Das gilt für sehr viele Arten - welche hältst du denn noch, außer Tannenwedel? 
Ein paar Arten können das ab (Seerosen, z.B.), aber dann muss das Wasser allgemein gut passen, darf z.B. auch nicht zu arm an Kohlendioxid sein, also z.B. nicht zu stark umgewälzt, nicht mit Springbrunnen etc..

Andere Pflanzen schaffen es, bei guten Bedingungen vom Rand her langsam ins Tiefe zu wandern, so macht es wohl der Tannenwedel. Aber eher nicht umgekehrt.

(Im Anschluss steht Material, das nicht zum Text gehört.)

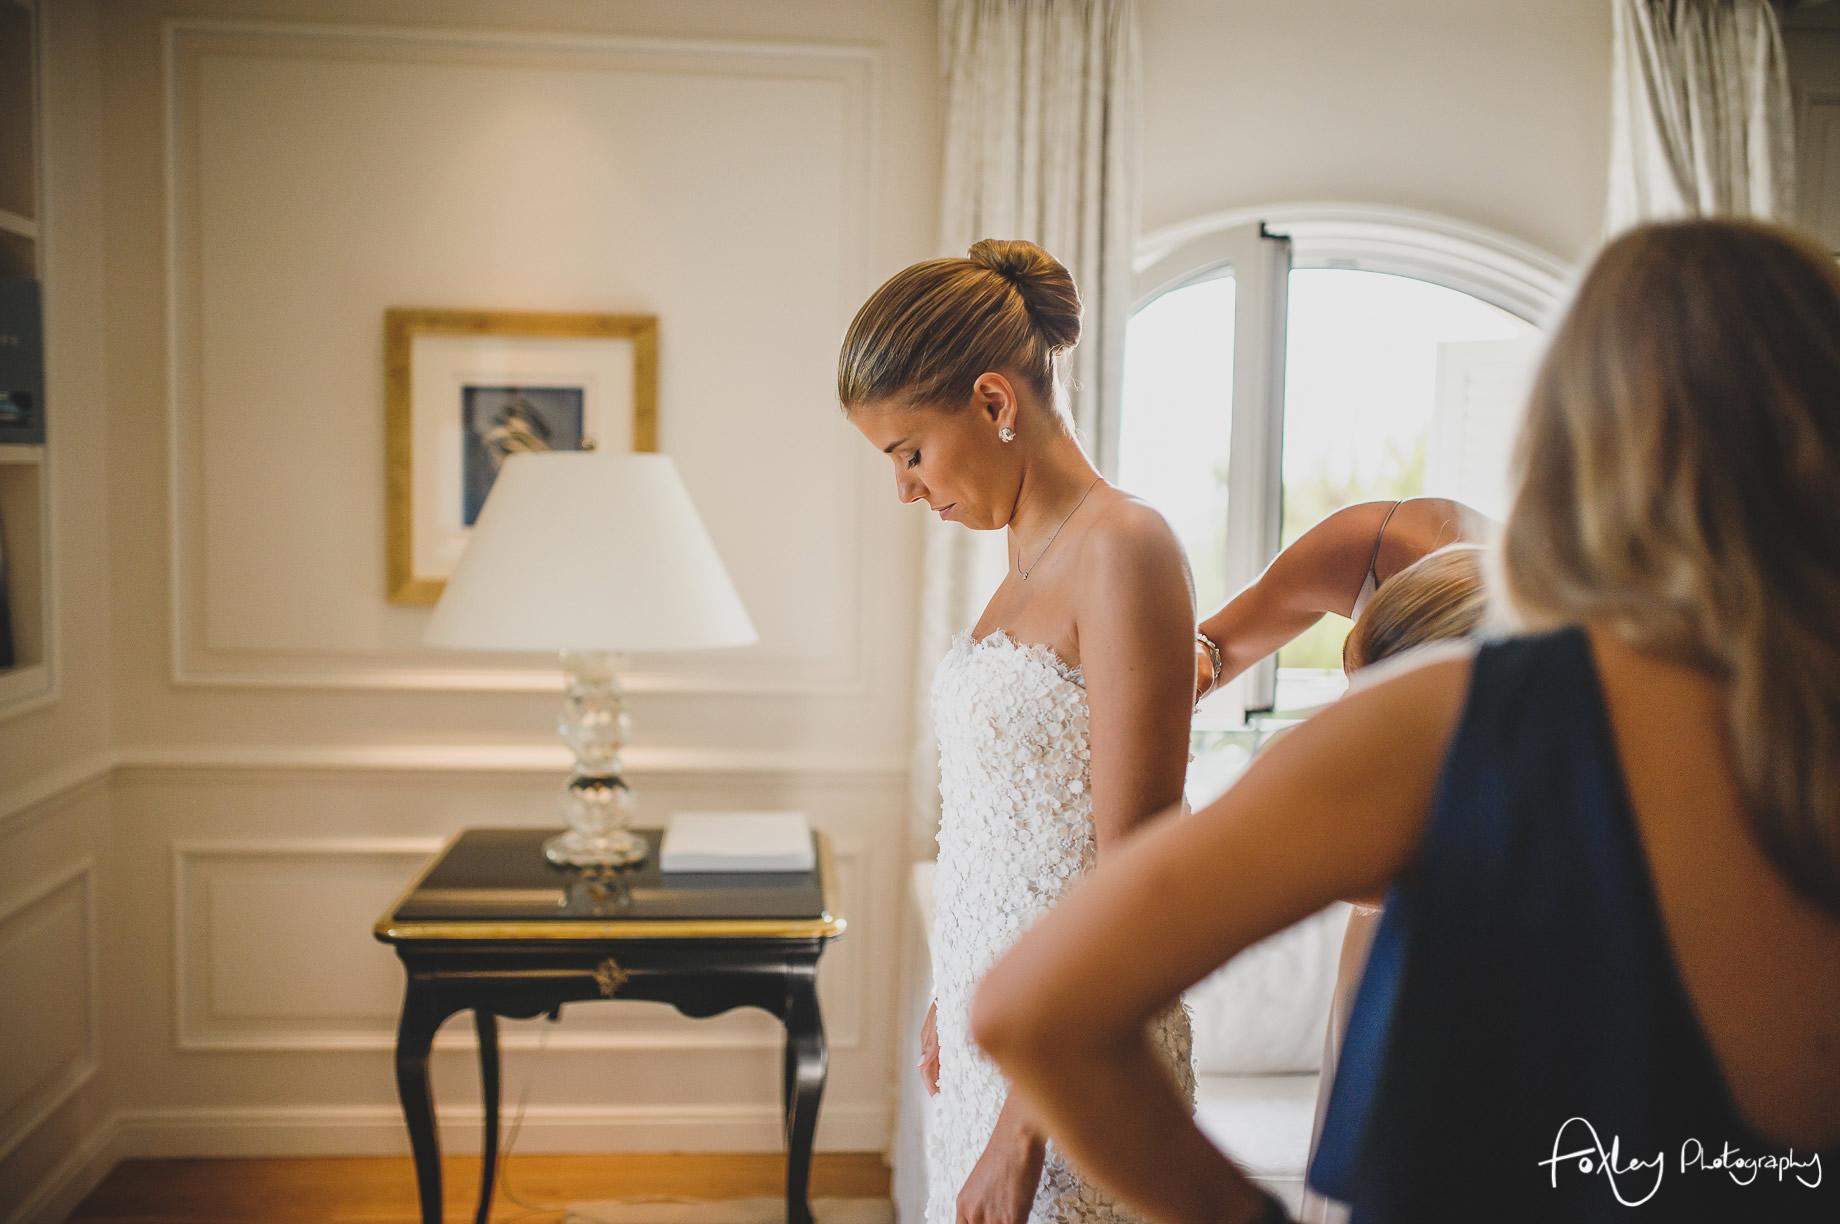 Jil and Will's Wedding at Villa Ephrussi De Rothschild 036

Eine gute Nachricht: den Kies kannst du drin lassen, das passt schon. Um den Boden etwas pflanzenfreundlicher zu machen, könntest du einige Kugeln aus Lehm (trocknen lassen) in Wurzelnähe stecken.

Wie du kónkret weiterkommst, kann man ohne Vorstellung vom Teich (und besonders dem Rand) kaum sagen - Wasserstand absenken, Pflanzen umsetzen...?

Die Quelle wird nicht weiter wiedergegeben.